Менас и Мо опять спустились к реке, чтобы напоить мулов и кстати собрать хворосту для костра, в то время как я и Галла, охая и кряхтя, стали распаковывать одеяла и посуду. Затем я взял ведро и пошел к небольшому водопаду за водой для питья. Когда струя забарабанила по дну ведра, мне послышался как будто крик из лесу. Минуту я прислушался, но… ничего не было слышно. Тут взгляд мой упал на Галлу: он стоял, нагнувшись вперед, и, держа руку рупором у уха, напряженно прислушивался. Затем он дико вскричал и бросился в лес. «Мо!» — крикнул я или, вернее, подумал. Я несколько раз упал, прежде чем добежал до первых деревьев, и помчался вниз по течению реки, все время в припадке безумного ужаса громко повторяя одно и то же имя. Я услышал хриплый голос Менаса и упал на колени возле залитого кровью тела моего мальчика.

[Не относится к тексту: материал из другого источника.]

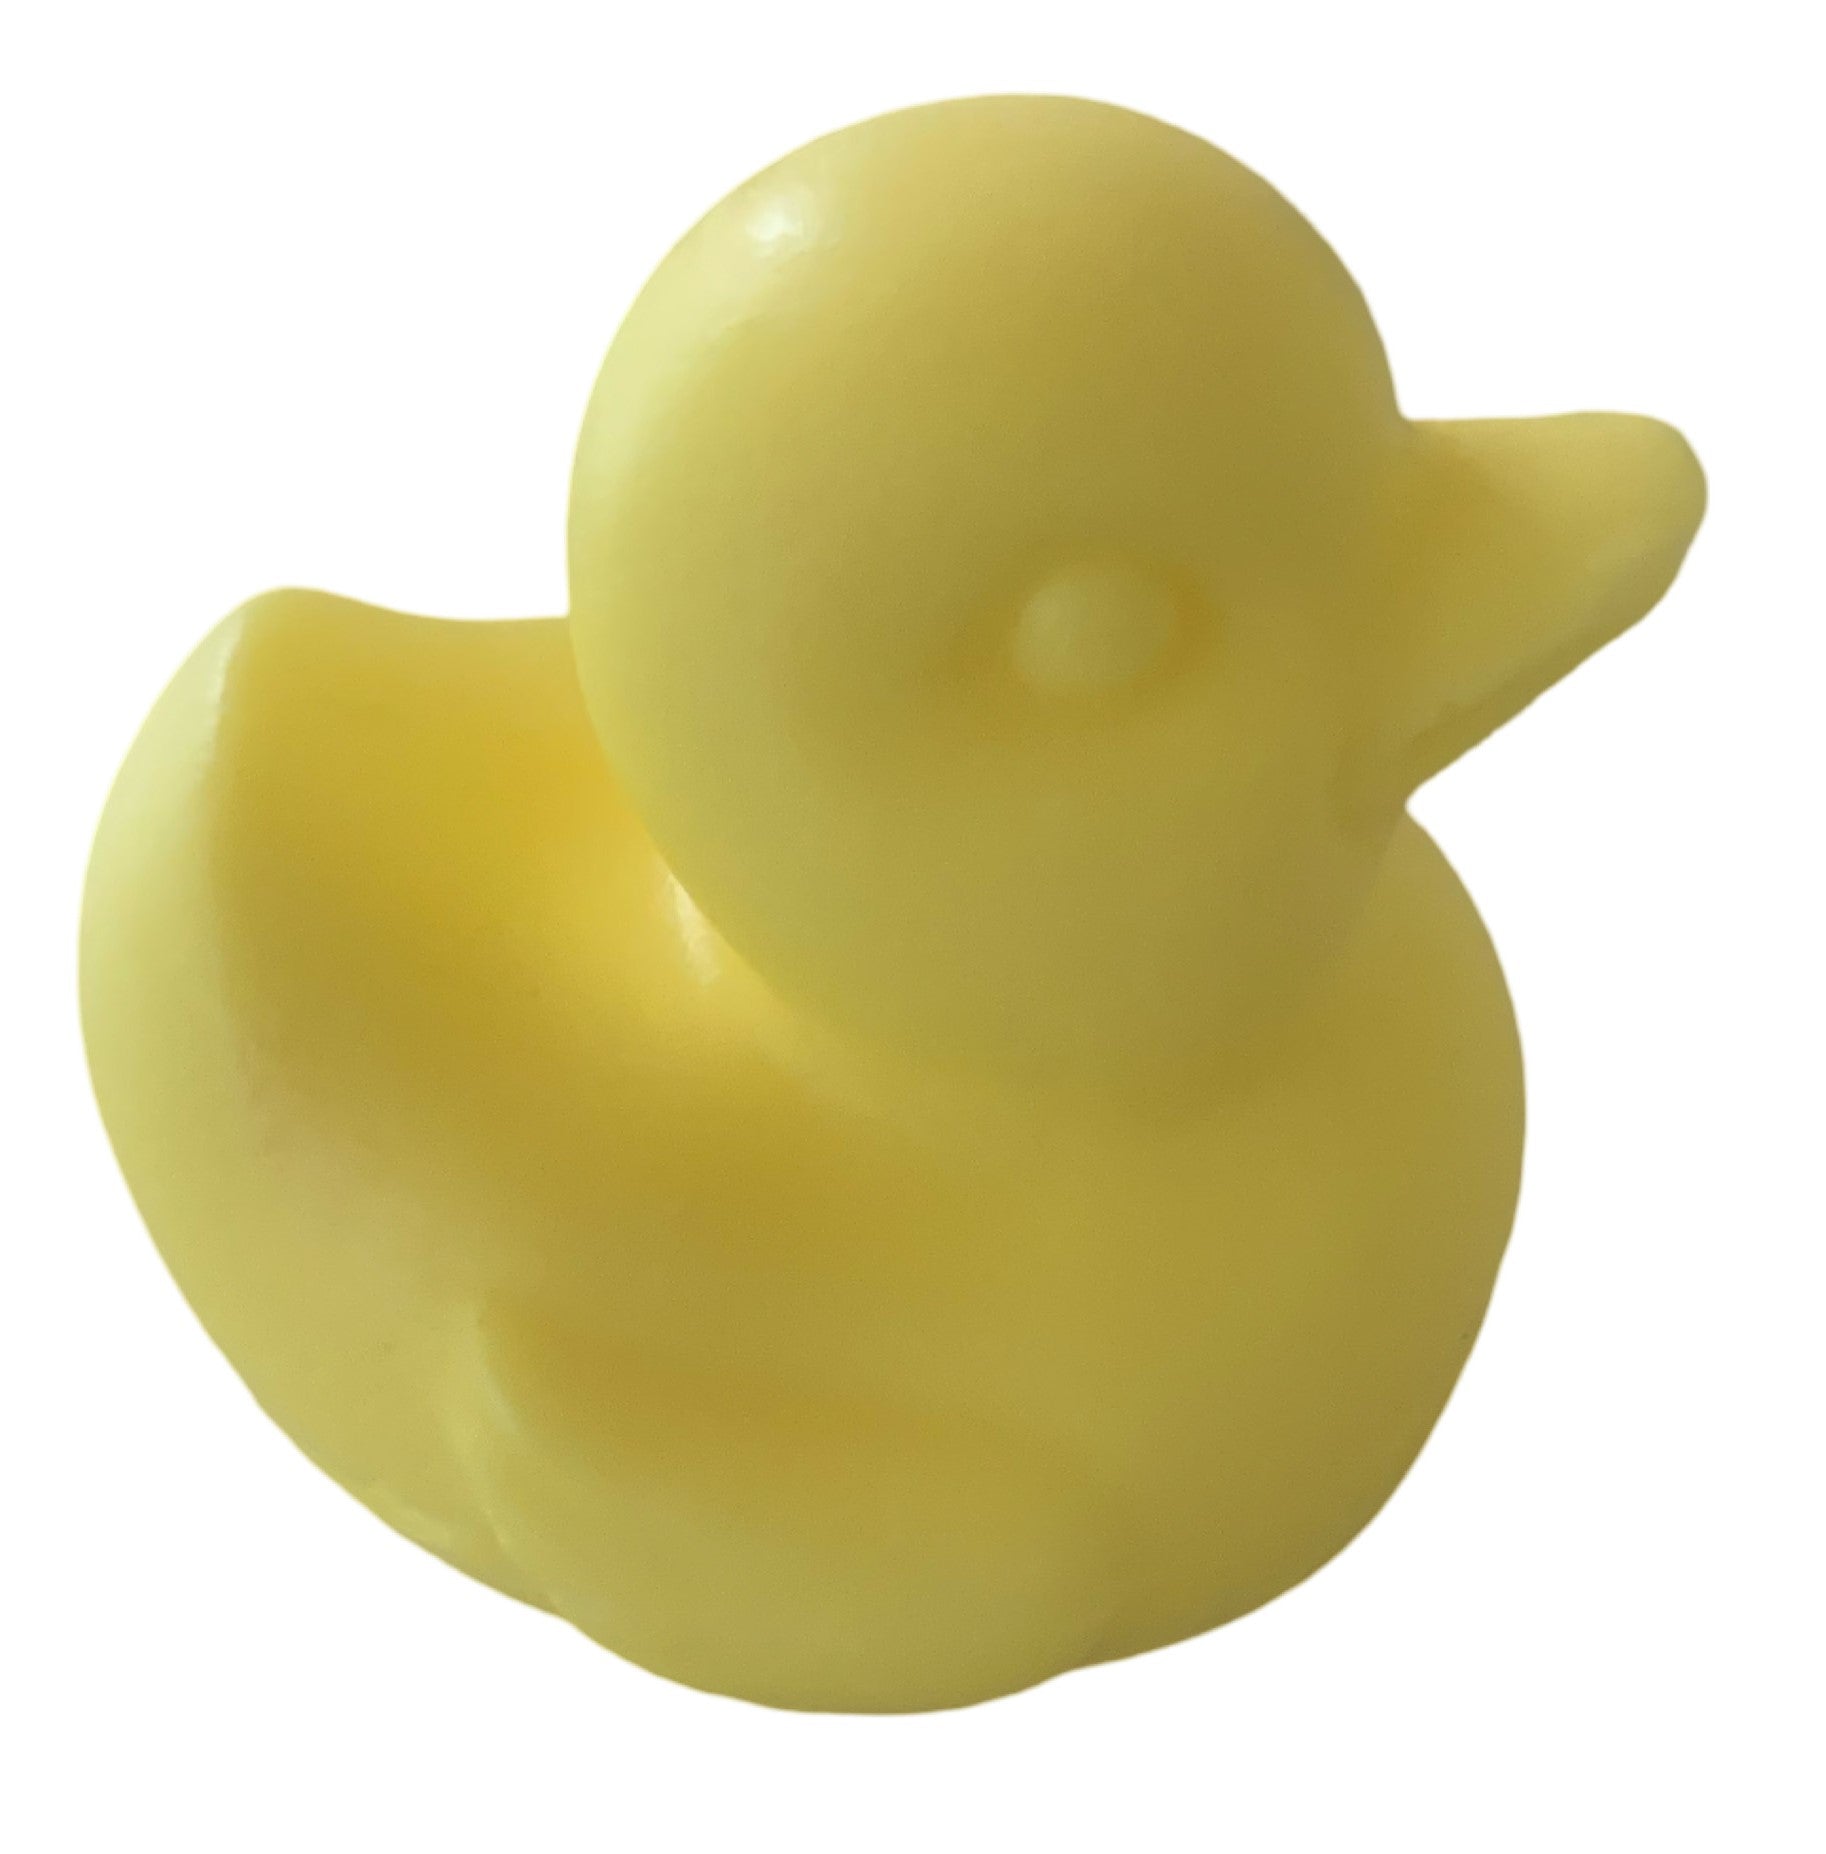 Duck soap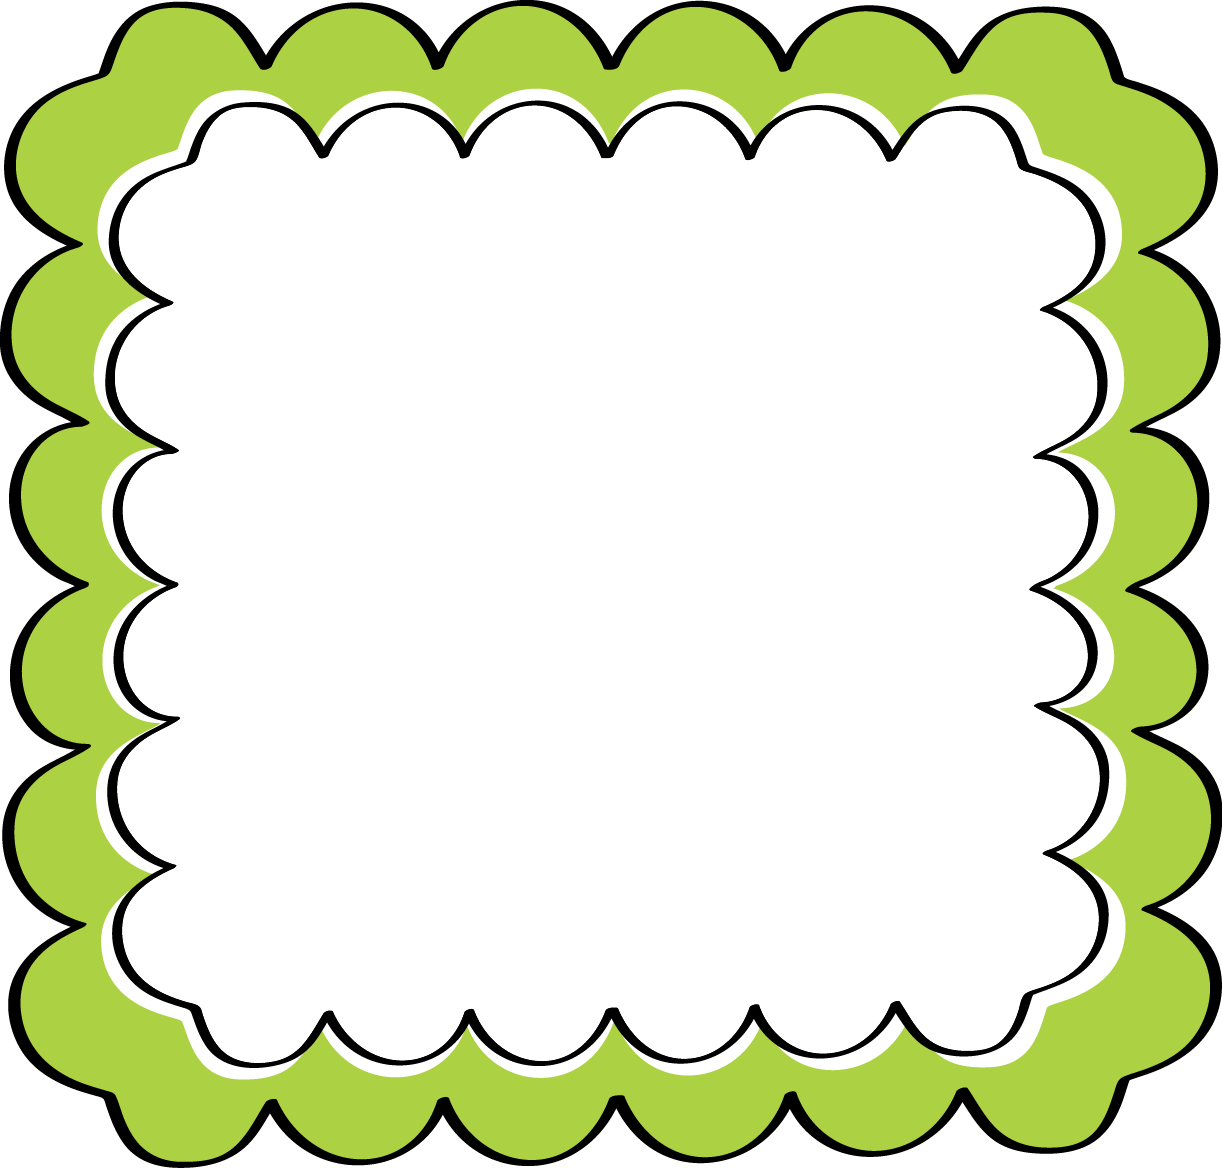 Download Green Border Frame File HQ PNG Image | FreePNGImg

Я пытался поднять его на мула, но голова его безжизненно повисла на моих руках. Нам даже не удалось остановить потока крови, хлеставшего из зияющих ран на шее и на лице. Он скончался на моих руках. Перед смертью он как будто пришел в себя: взгляд его единственного уцелевшего глаза устремился на меня, и последнее слово, которое он прошептал, было «Бу».

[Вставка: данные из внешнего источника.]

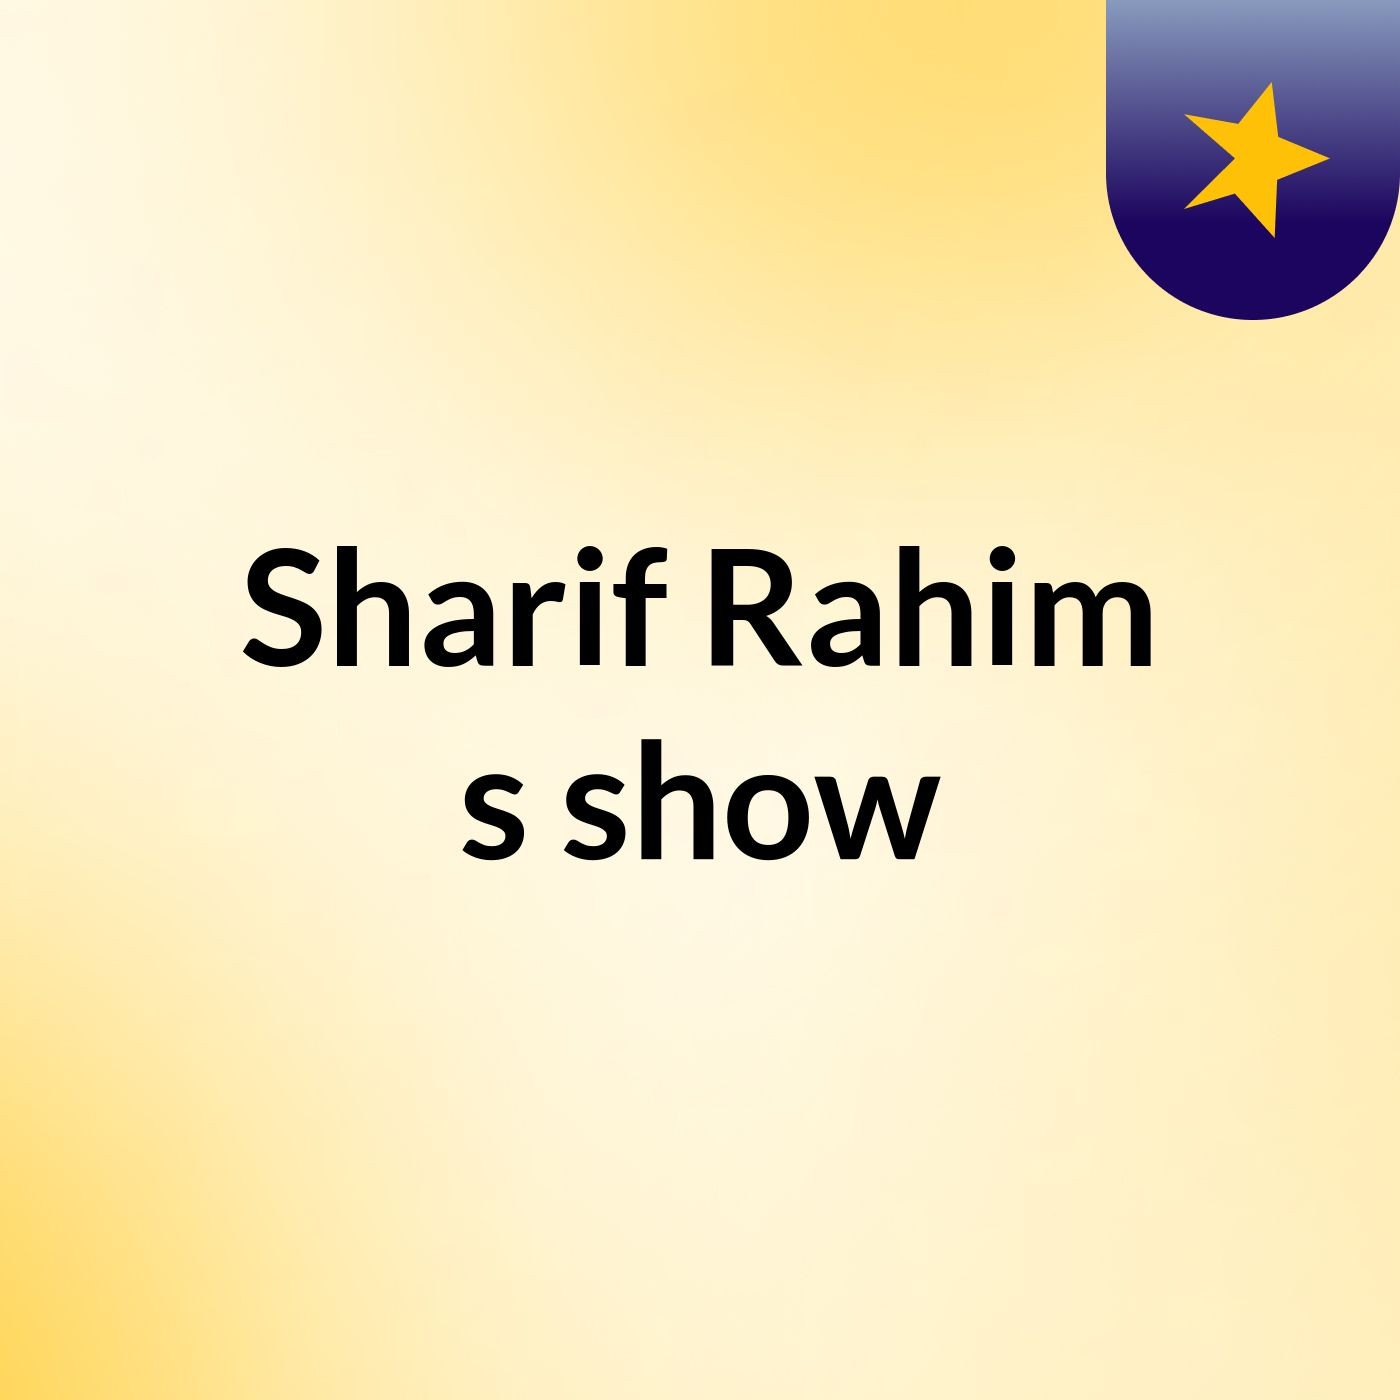 Sharif Rahim's show

Его загрызла черная пантера: Галла установил это по следам и по нескольким черным волосам из ее шкуры.
Что произошло потом, я смутно помню: то, что я потерял, никогда не будет возвращено мне. Я сам похоронил моего мальчика… и мы поехали в Адуа. За время этого путешествия я не проронил ни слова. В ответ на заговаривания Менаса я после нескольких дней молчания сказал:
— Только тот, кто не любит, не страдает.
Я сказал это по-немецки. Он испуганно посмотрел на меня сбоку: вероятно, он подумал, что я сошел с ума. Согнувшись от отчаянного приступа кашля, он вышел, и больше я не видал его. Когда я через несколько дней, уже в Адуа, спросил о нем, то мне сказали, что он заболел и лежит у своих родных.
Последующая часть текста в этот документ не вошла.